◆ Problem details
Write the listing below out again in full, dropping its pictures.

··· Collected data

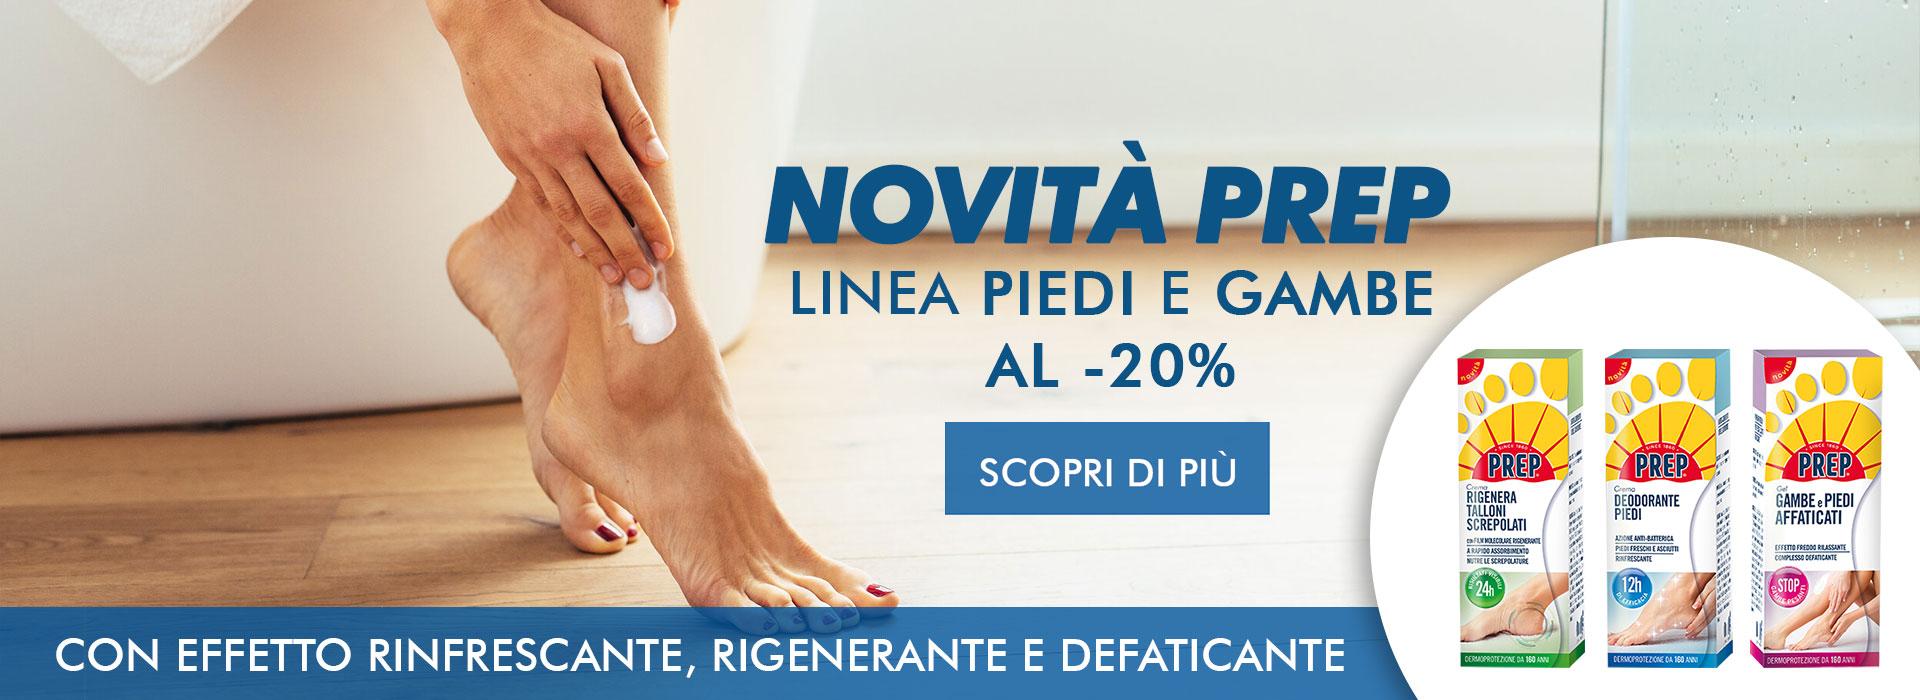 Prep Linea Piedi e Gambe -20%
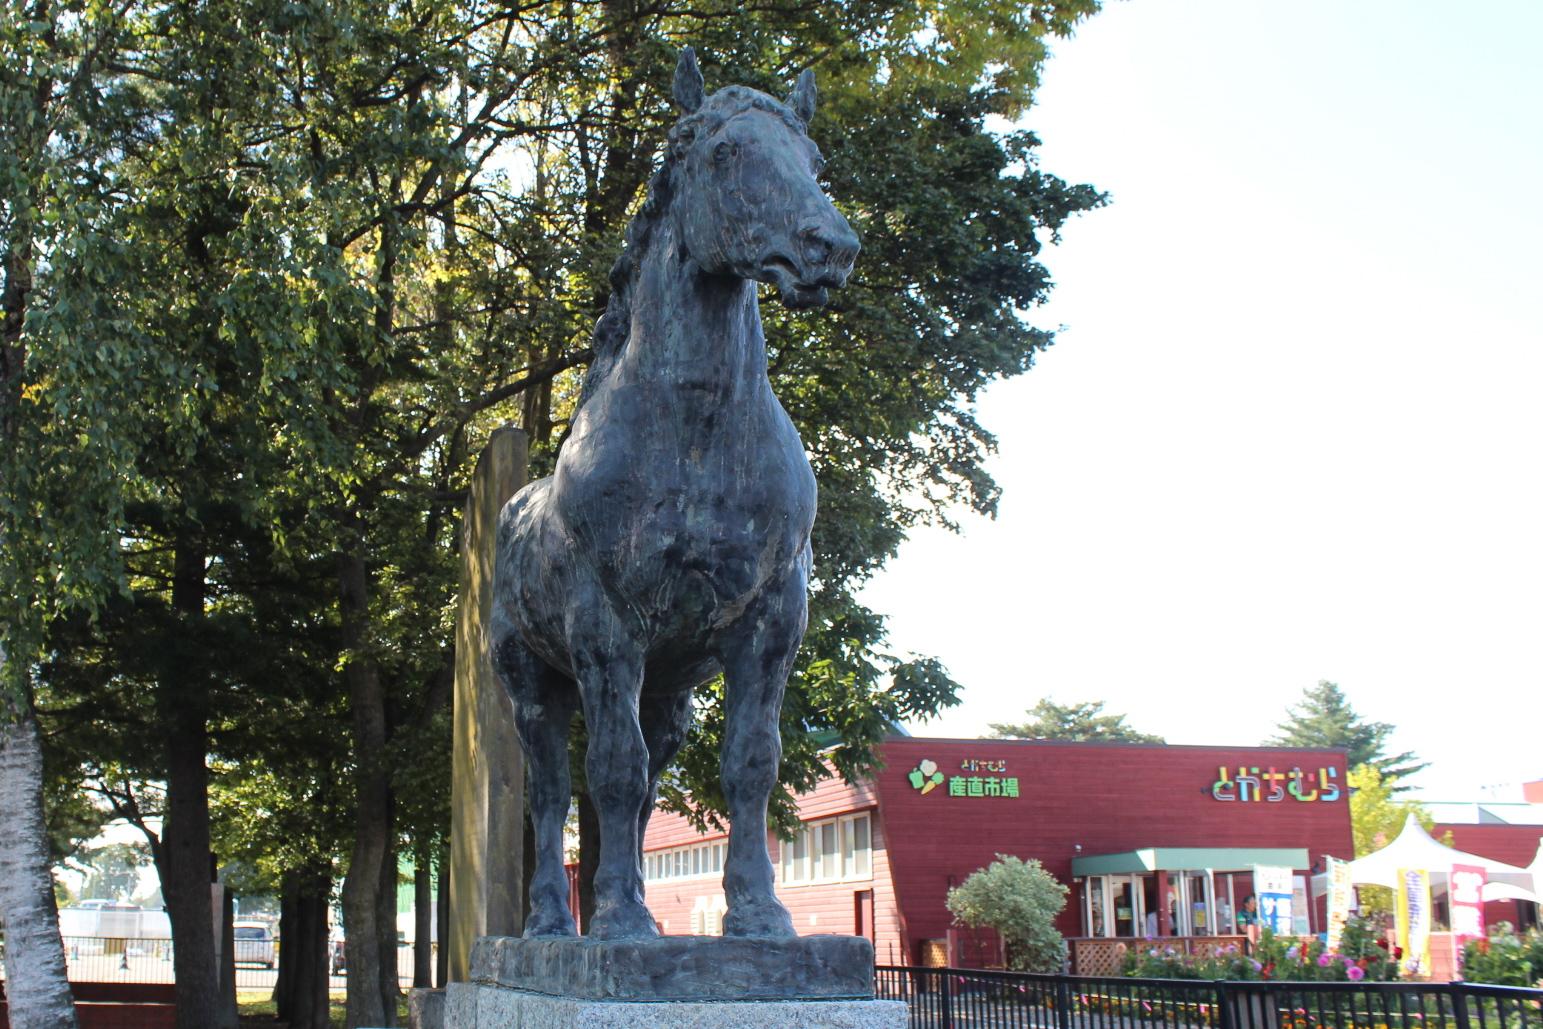 帯広のばんえい競馬場前の馬の像
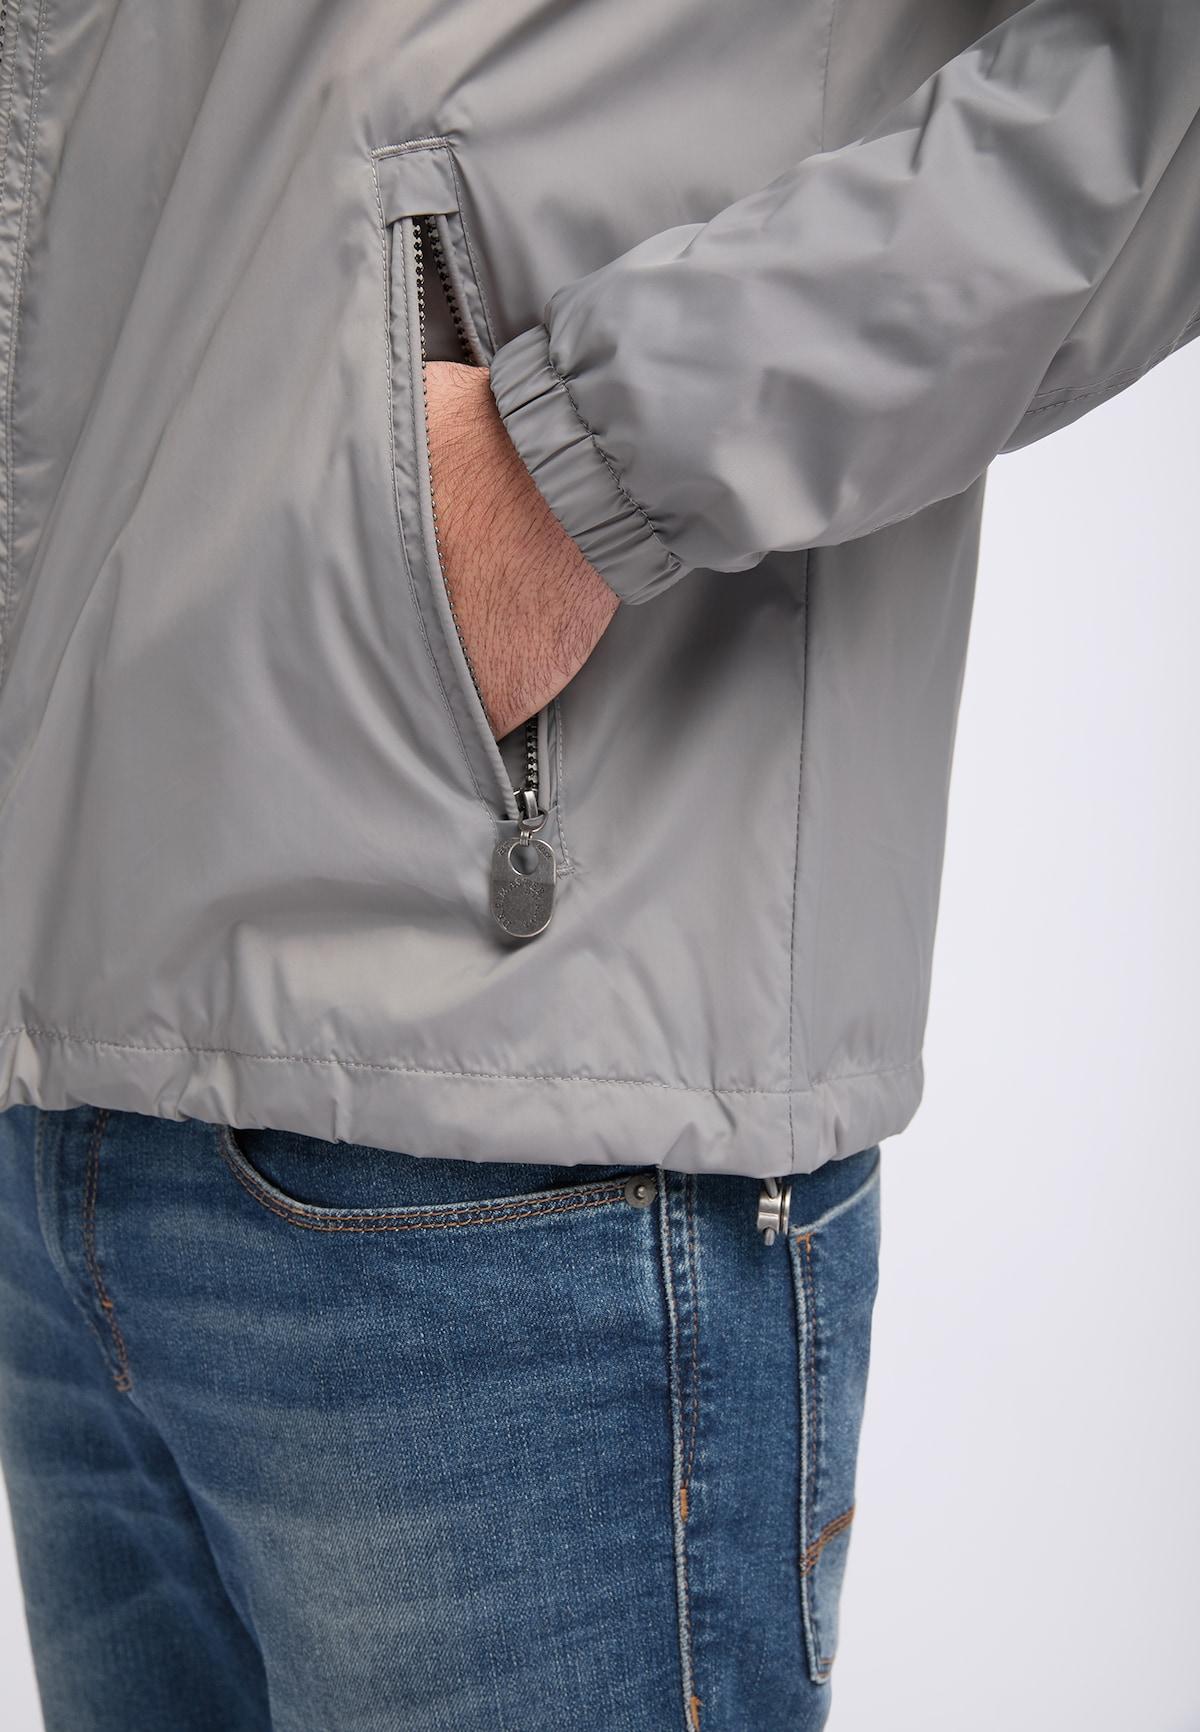 Bestbewertet Männer Bekleidung DREIMASTER Anorak in grau Verkaufsschlager

······

◆ Solution for this task
 Prep Linea Piedi e Gambe -20%
 帯広のばんえい競馬場前の馬の像
 Bestbewertet Männer Bekleidung DREIMASTER Anorak in grau Verkaufsschlager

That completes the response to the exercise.